Kafasını tutup kaldırmasıyla yanaklarından yaşlar aktığını gördü. Titremesi fark edilebiliyordu. "Cai, bana bak... Ne oldu?"
Caius ona bakamadı. Onun yerine elleriyle suratını kapattı. Hıçkırıkları ve titremesi artarken boğuk bir ses çıkarmıştı. "Özür dilerim..."
"Özür dilemene gerek yok." Julian paniklemişti. "Ne oldu? Bir yerin mi acıyor? Seni hastaneye götüreyim mi?"
Caius kafasını olumsuz anlamda salladı. "Gerçekten... Çok özür dilerim."
"Cai..."
Caius, özür dilese bile gerçeği değiştiremeyeceğinin ve sözlerinin ne kadar değersiz olduğunun farkındaydı. Özürlerinin ne ona ne de Julian'a bir yardımı dokunuyordu, yine de kendini defalarca kez söylemekten alıkoyamadı. Nasıl olmuştu da bu kadar berbat bir durumun içine düşmeyi başarabilmişti inanamıyordu. Kendinden, olduğu şeyden ve yaptıklarından bir kez daha nefret ederken derin nefesler alarak kendisini sakinleşmeye zorladı. Ellerini yüzünden çekerken gözlerini, yanına çömelmiş bir şekilde ona endişeyle bakan Julian'ınkilerle kenetledi.
Julian, o çocuktu.
O yüzden en başta tanıdık gelmiş olmalıydı. Başkası olamazdı çünkü.

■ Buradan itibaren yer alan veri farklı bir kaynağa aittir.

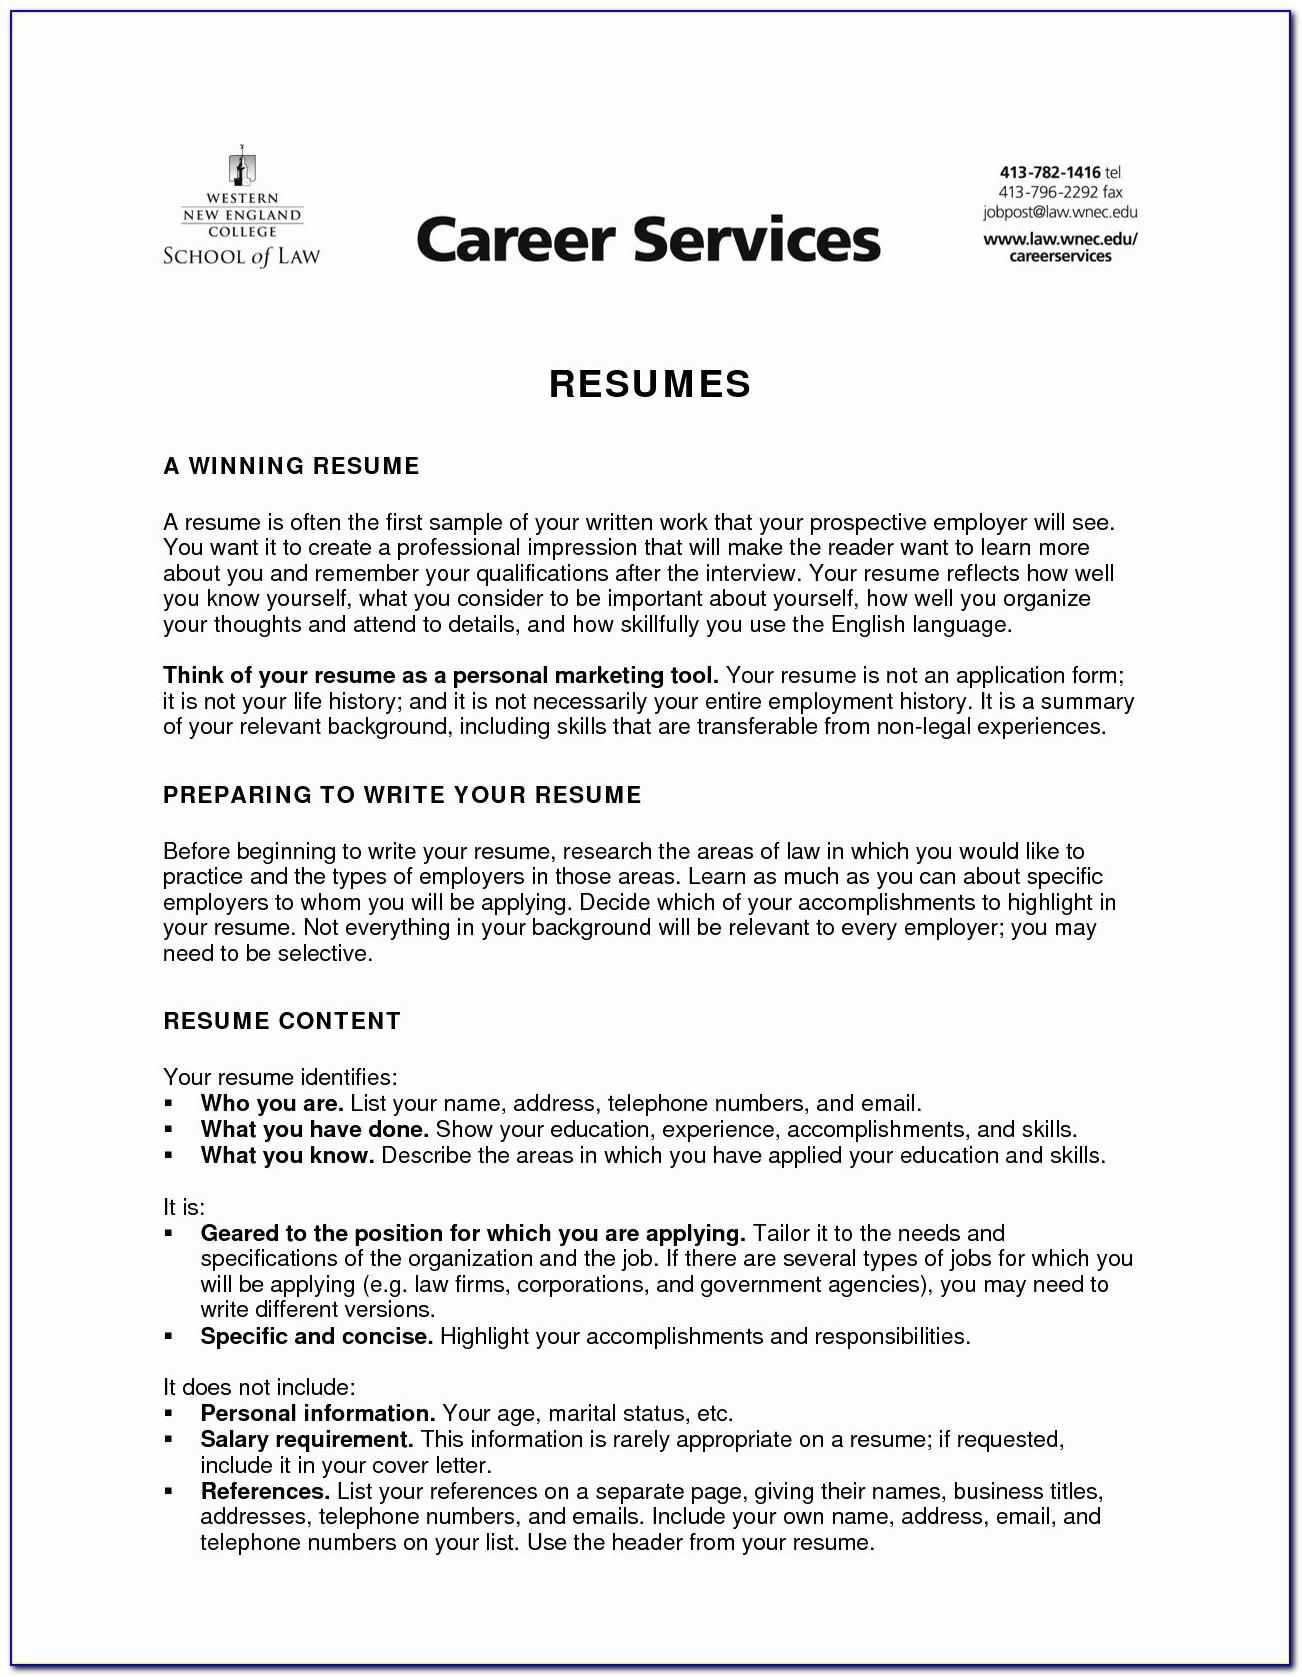 Resume Writer Needed Inspirational Resume Writer Jobs Luxury Beautiful Resumate Unique Academic Writers

Ani gelen mide bulantısıyla ayağa kalkarak arka tarafında kalan lavaboya midesindekileri çıkardı. İğrenç birisiydi.
Julian, olanları anlamlandıramadığından Caius'un hasta olabileceğini düşünüyordu. Ne yapacağını bilemezken onun sırtını sıvazladı ve hemen ardından destekleyerek tezgâhın arkasındaki sandalyelerden birine oturmasına yardım etti. Elini alnına koydu. "Hasta mısın? Hasteneye gidebiliriz. Burda ilaç varsa onları da getirebilirim."
Caius derince nefesler alırken başını salladı. "Yukarıda... Banyo dolabında..."
Julian hemen onaylayarak mutfaktaki döner merdivenlerden yukarı çıkmıştı. Caius onun gitmesiyle yüzünü bir kez daha sıvazladı.
Kendisini çok kötü hissediyordu.
Dünyada ondan daha şansız biri yoktu ancak yaşadıkları cezasının bir parçası olmalıydı. Yaptıklarının cezasını çektirmek için Tanrı, eğer varsa, onunla dalga geçiyordu. Caius, onun bu şekilde mi eğlenip eğlenmediğini merak etti fakat bir önemi yoktu. Çekmesi gereken ceza buysa seve seve çekecekti.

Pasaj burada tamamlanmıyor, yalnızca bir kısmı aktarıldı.